* Exercise directions
Starting with the line that contains "Nelly: Your hater", copy every line through the end of the listing, exactly and only those. No pictures should appear in the copy.

* Dataset extract
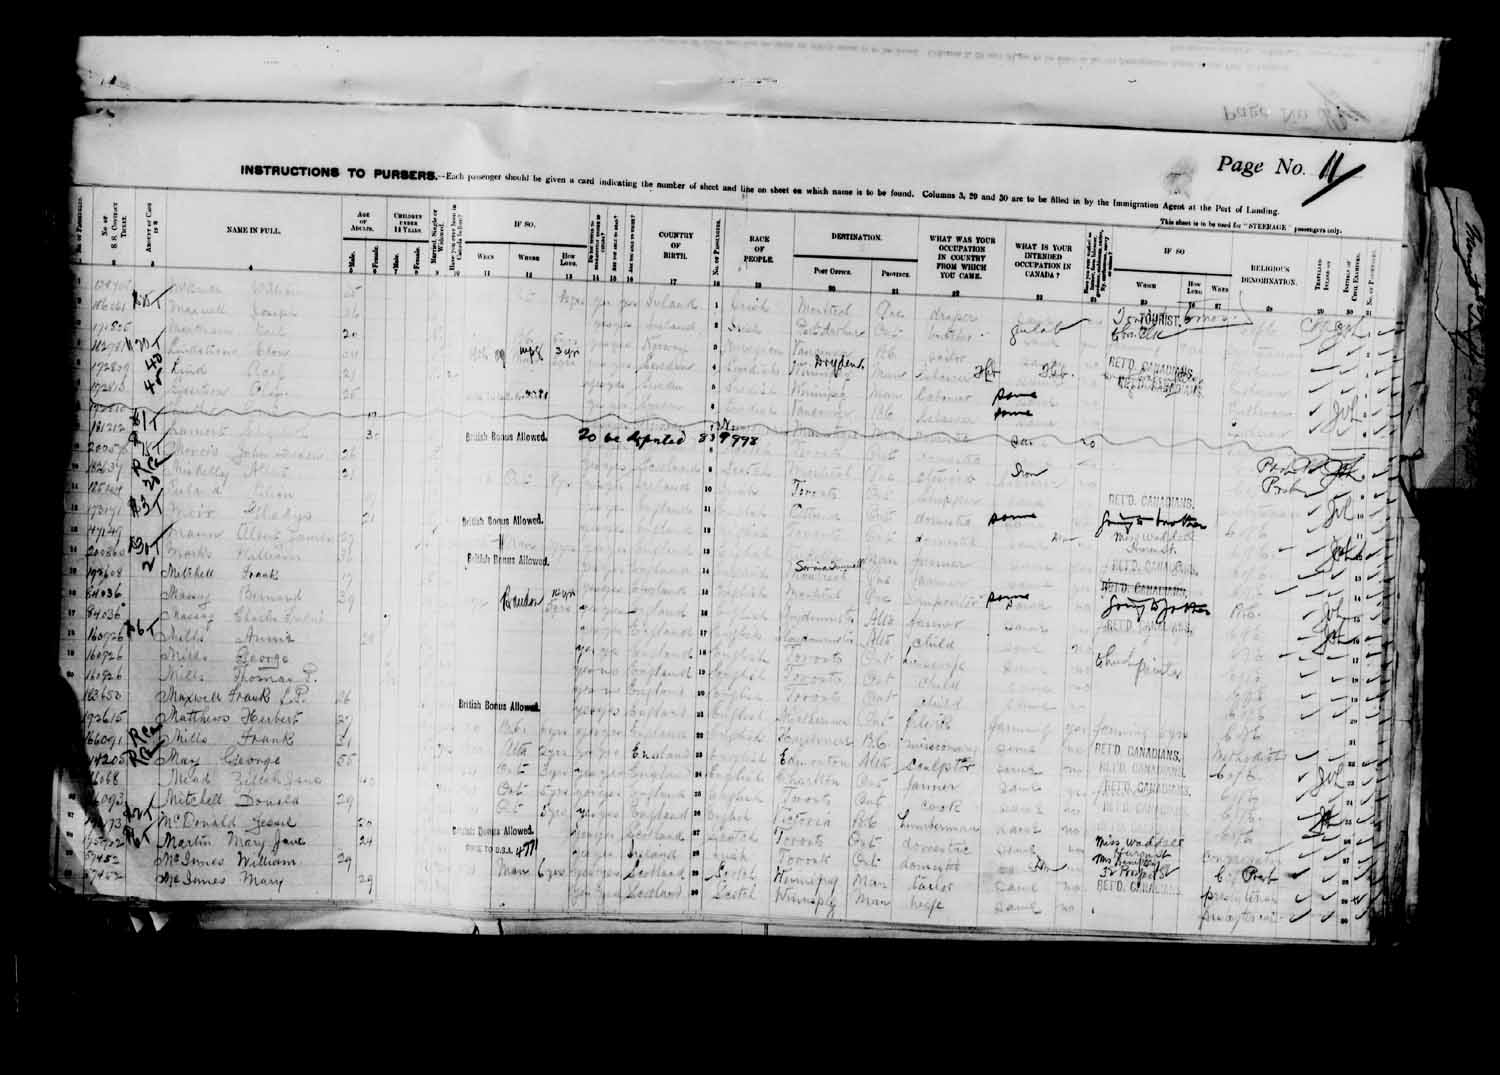 Digitized page of Passenger Lists for Image No.: e003627200
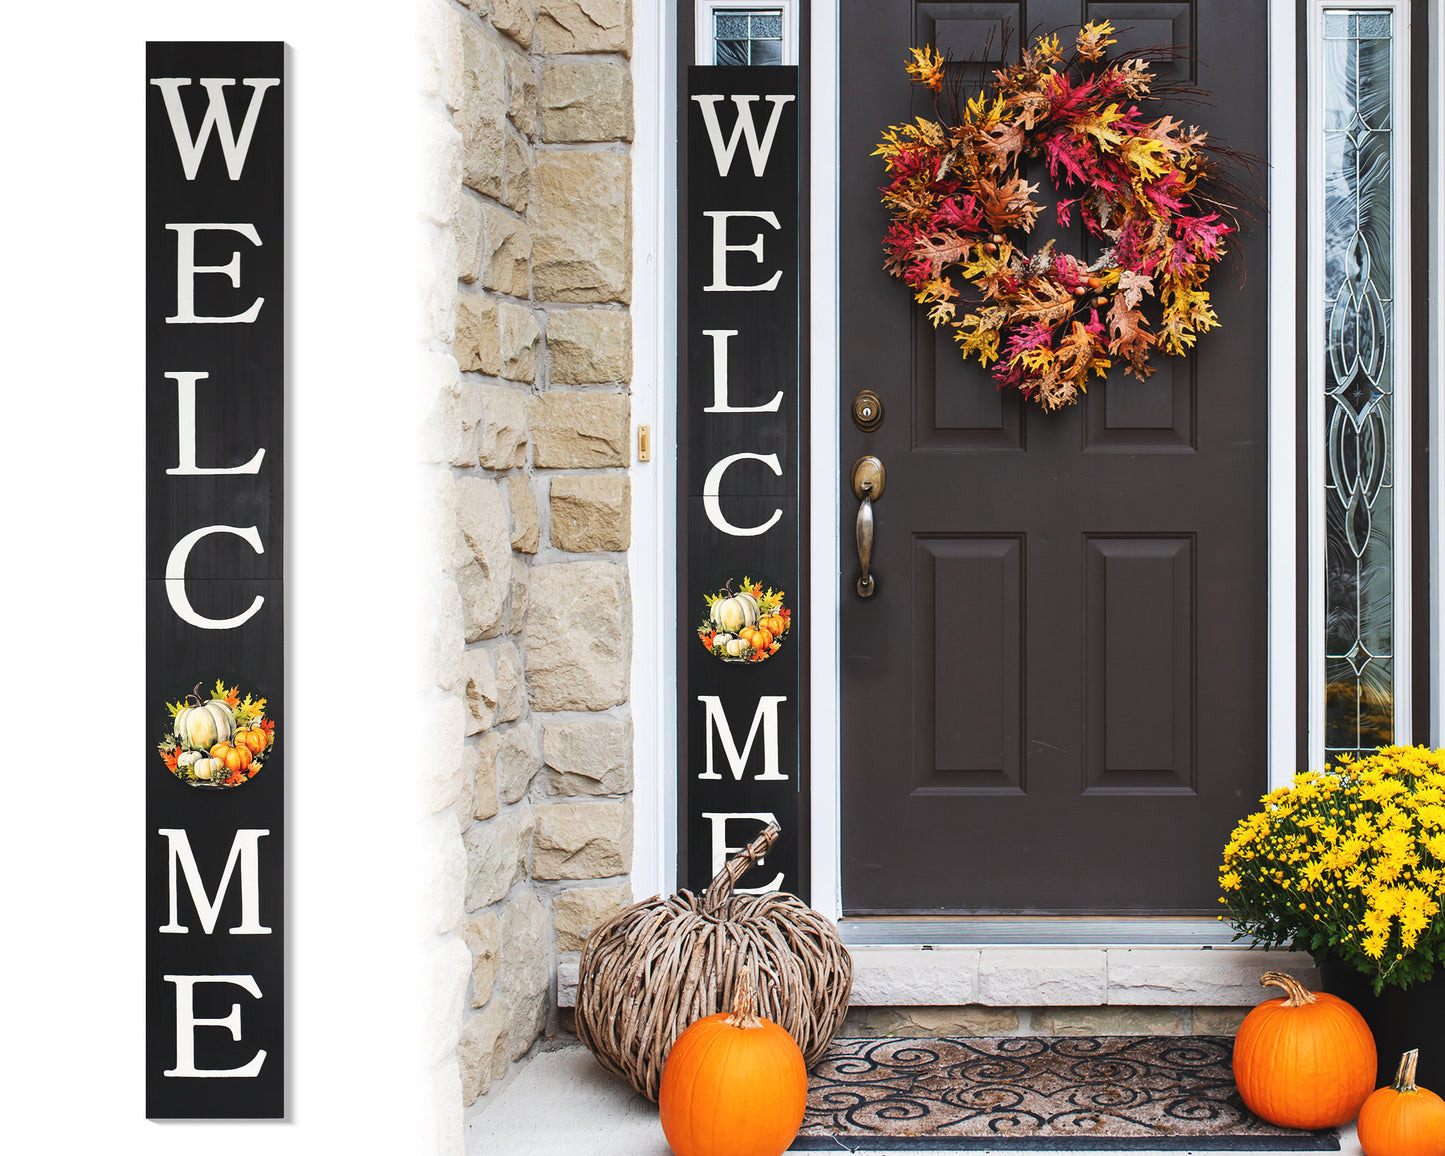 72in "Welcome" Fall Porch Sign with Pumpkins Design - Black Porch Board Decor for Front Door during Autumn and Thanksgiving Celebrations
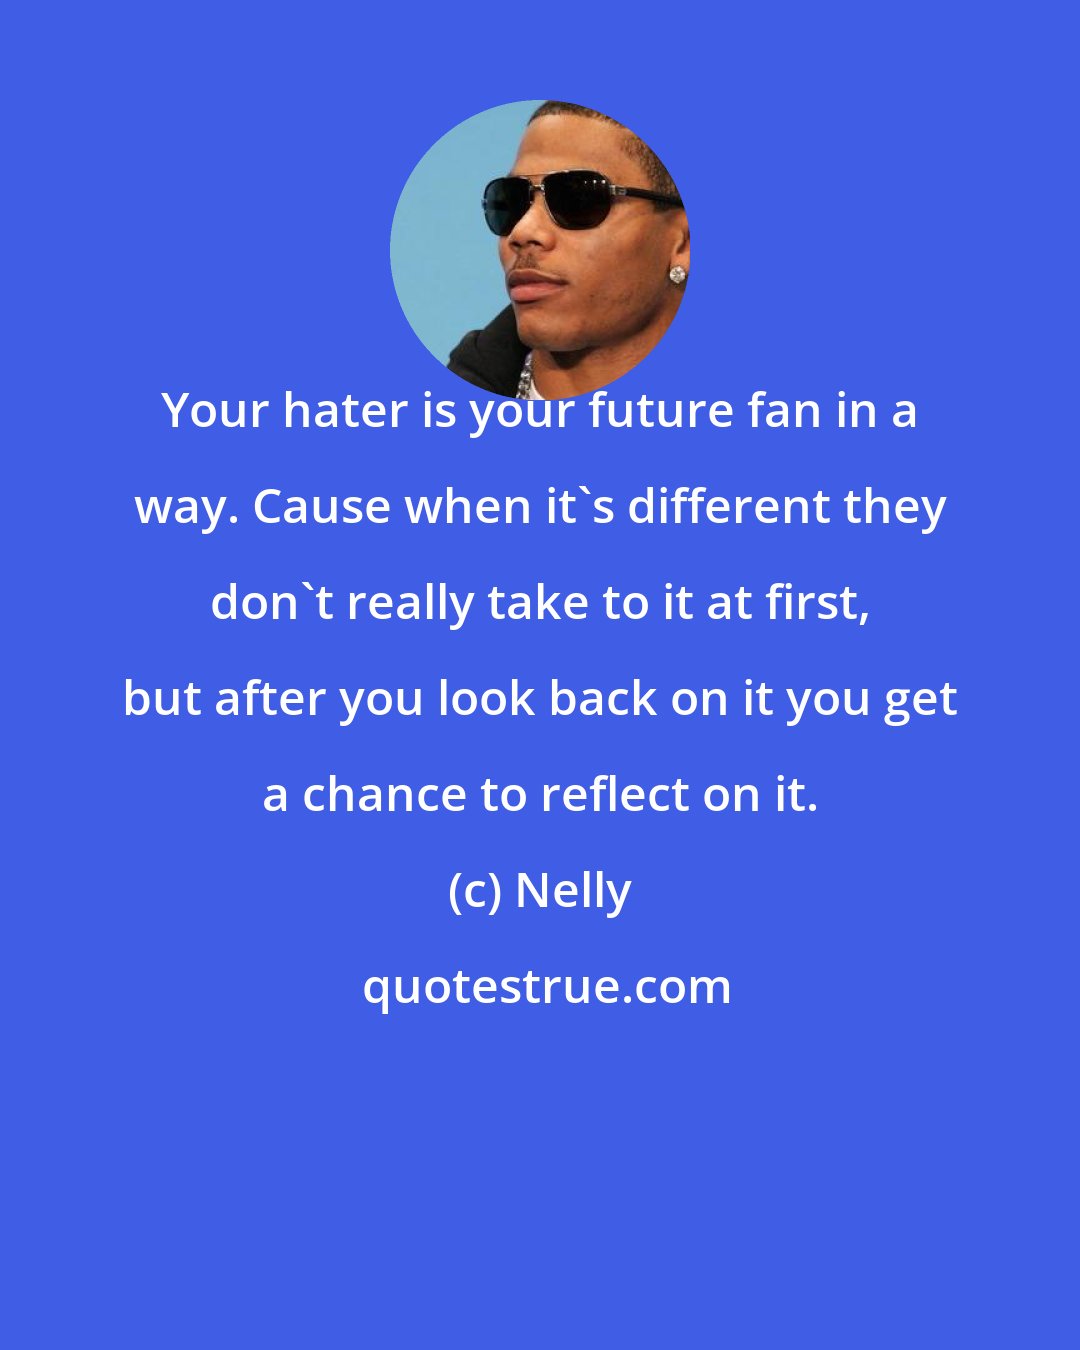 Nelly: Your hater is your future fan in a way. Cause when it's different they don't really take to it at first, but after you look back on it you get a chance to reflect on it.
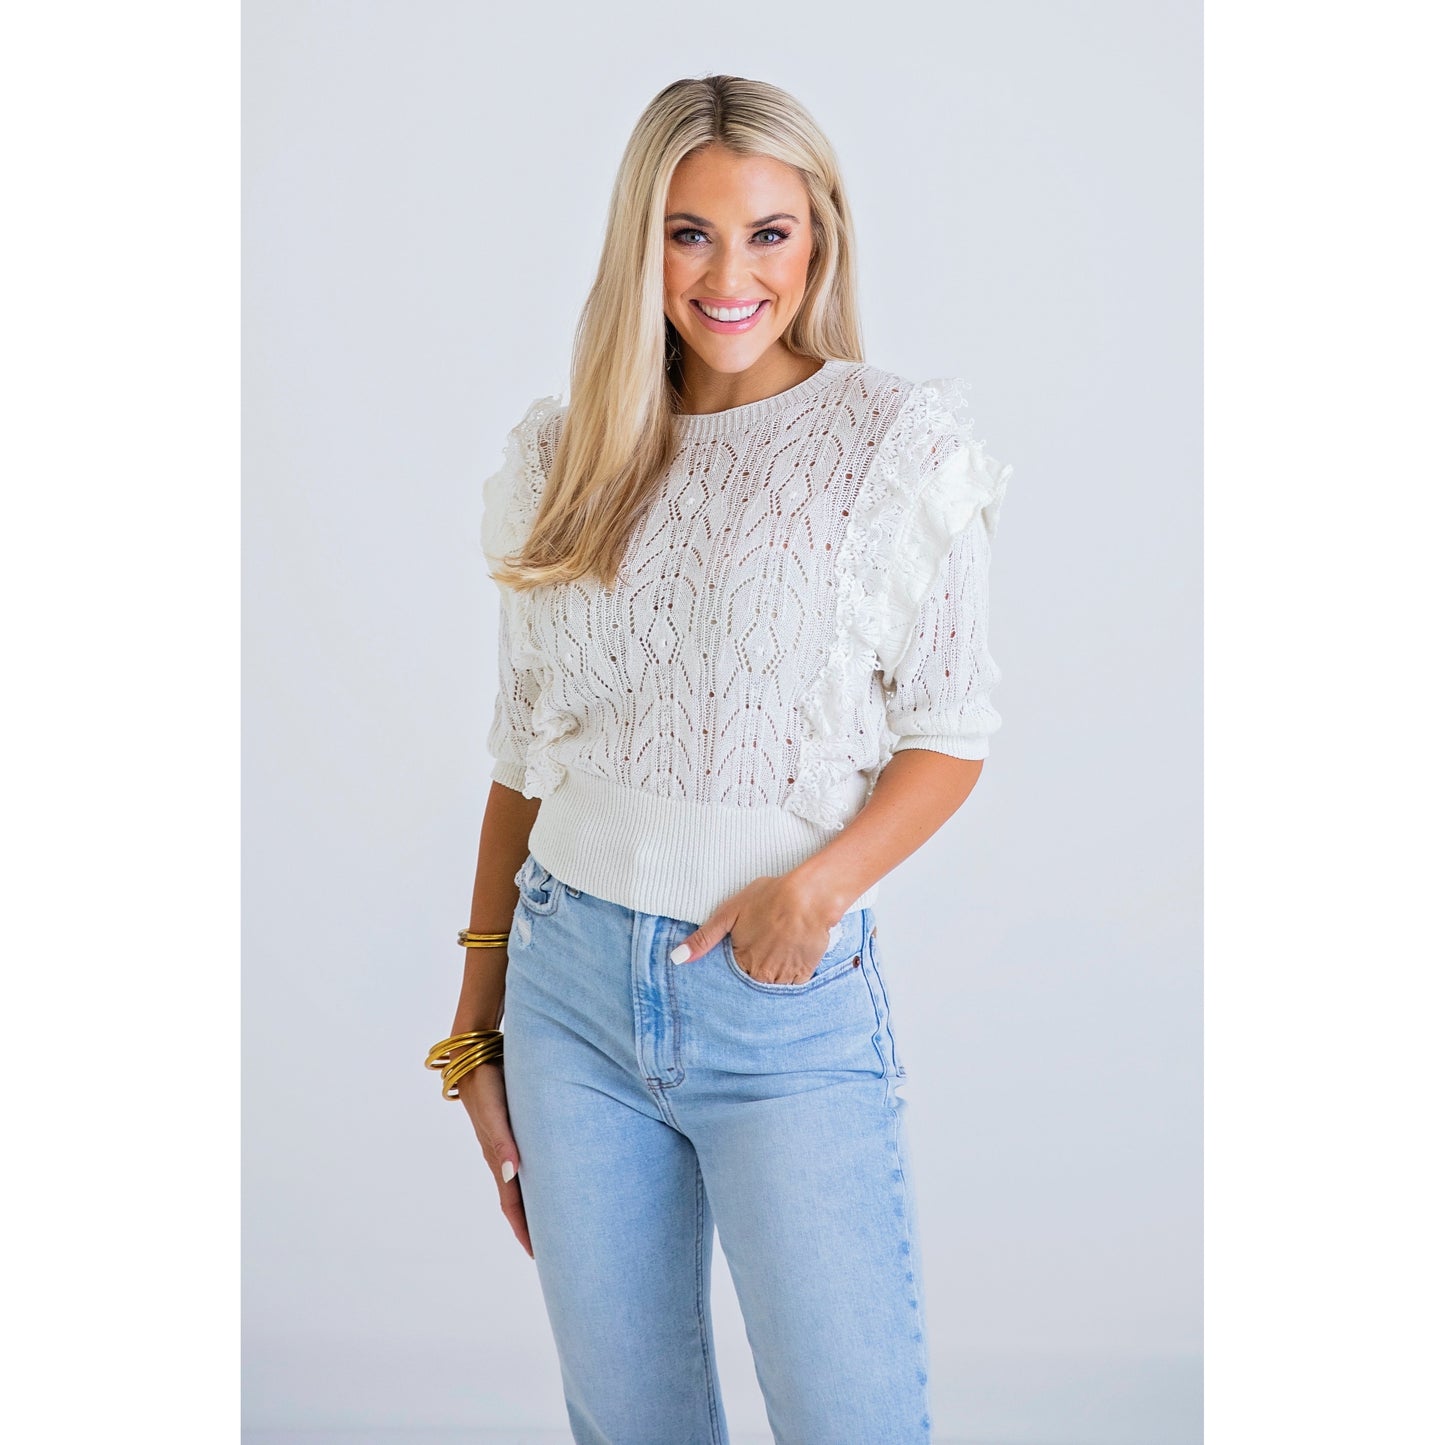 Solid Scoop Novelty Sweater in ivory

* Answer for this exercise
 Nelly: Your hater is your future fan in a way. Cause when it's different they don't really take to it at first, but after you look back on it you get a chance to reflect on it.
 Solid Scoop Novelty Sweater in ivory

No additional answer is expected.